Fake News Detection

Project Summary

This project applies advanced Natural Language Processing (NLP) and machine learning techniques to classify news articles as either fake (Class 0) or real (Class 1). It incorporates traditional ML (Logistic regression), ensemble learning (XGBoost), neural networks (LSTM), and transformer-based deep learning (RoBERTa-base) models. Recall (Fake) is set as the success criteria because the project prioritizes to categorize fake news articles based on respective text.

Built with scikit-learn, XGBoost, TensorFlow/Keras, Torch, Hugging Face Transformers, Streamlit, FastAPI, and Docker.

Task	Model Used	Deployment File
Fake News Classification	Finetuned RoBERTa (RUS)	roberta_rus
Interface	FastAPI + Streamlit	main.py and app.py

Data Understanding

The dataset consists of 22,465 news articles with labels indicating whether each article is fake (Class 0) or real (Class 1).

Preprocessing steps included:

Tokenization and lemmatization using spaCy.
Stopword removal and punctuation stripping.
Domain extraction.

The dataset is imbalanced, with a higher proportion of real articles (11,699 compared to fake articles (10,766).

Problem Statement

The rapid spread of fake news online erodes trust, misinforms the public, and can have serious political, social, and health consequences.
Manual fact-checking is slow and infeasible at scale.
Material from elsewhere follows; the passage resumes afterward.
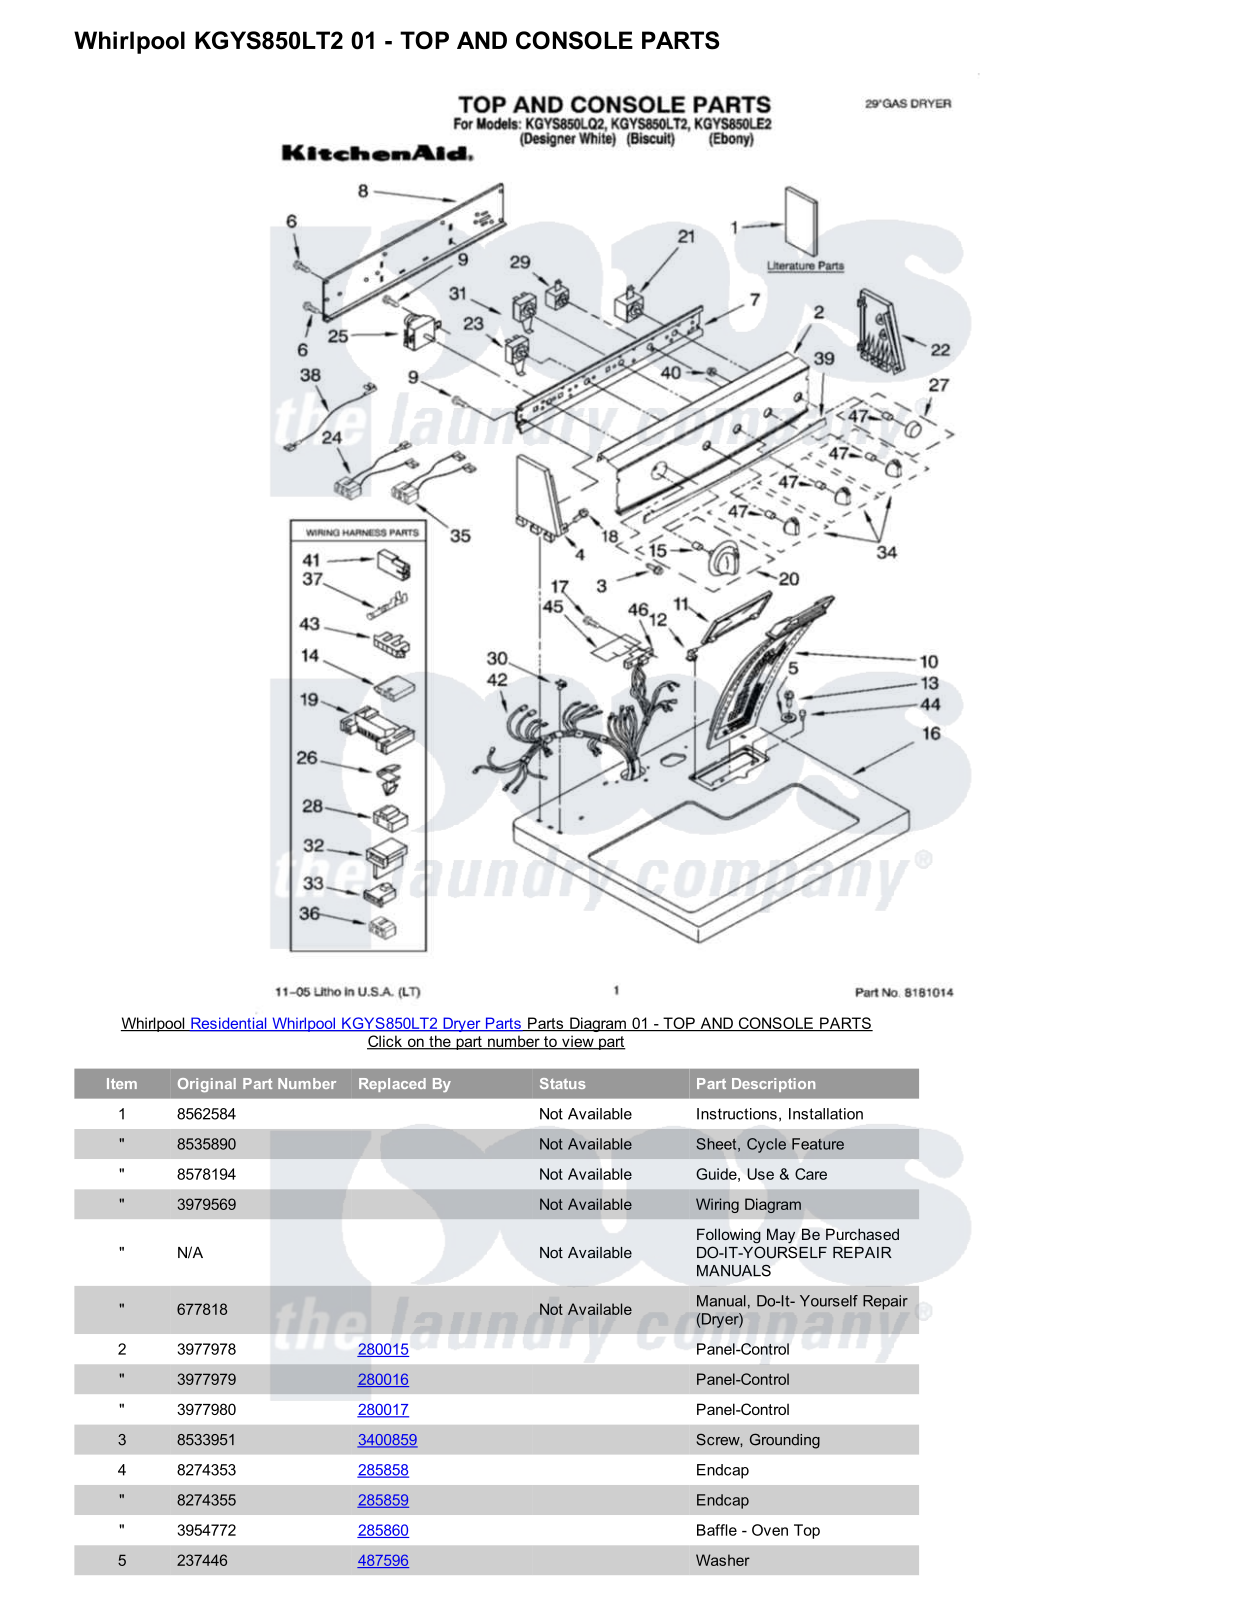 Whirlpool KGYS850LT2 Parts Diagram

The goal is to build an automated, accurate, and interpretable detection system to identify fake news in real time.

Project Objectives

Objective 1: Perform Extraploratory Data Analysis (EDA)

Number of Sentences Distribuction

num_sentences_distribution_class1_filtered

Text Length Distribuction

text_length_distribution_class1_filtered

Top-10 Bigrams

Top-10 Trigrams

Objective 2: Build a baseline Logistic Regression model

A baseline Logistic Regression model was built with imbalanced data and two balancing strategies:

SMOTE oversampling for the minority class
Random Undersampling (RUS) for the majority class
- Best configuration: RUS-balanced data: Recall (Fake) = 0.8214

Objective 3: Build an XGBoost model, LSTM neural network, and Finetune the RoBERTa-base Transformer

An XGBoost classifier:
- Best configuration: RUS-balanced data: Recall (Fake) = 0.8427
An LSTM neural network:
- Best configuration: Imbalanced data: Recall (Fake) = 0.7130
Finetune the RoBERTa-base transformer:
- Best configuration: RUS-balanced data: Recall (Fake) = 0.8712

Objective 4: Interpret best performing model using the LIME library

MODEL	Recall (Fake)	Recall (Real)	Precision (Fake)	Precision (Real)	AUC	Accuracy
LR-RUS	0.8214	0.9014	0.8846	0.8458	0.930	0.8631
XGBoost-RUS	0.8427	0.9054	0.8913	0.8622	0.939	0.8754
LSTM-Imbalanced	0.7130	0.9425	0.9194	0.7811	0.867	0.8325
RoBERTa-RUS	0.8712	0.8920	0.8813	0.8827	0.951	0.8820

The Finetuned RoBERTa model using SMOTE-balanced dataset is the best performing alternative because:

It achieves the highest Recall (Fake) (0.8712) : Highest true positives for fake (class 0) predicitions (2814**).
It achieves the highest Precision (Real) (0.8872) : Highest certainity (88.27%) for class 1 predicitions when an article is actually real.
This is corroborated by the confusion matrix, which reports the highest true positives for accurate fake news predictions (2814).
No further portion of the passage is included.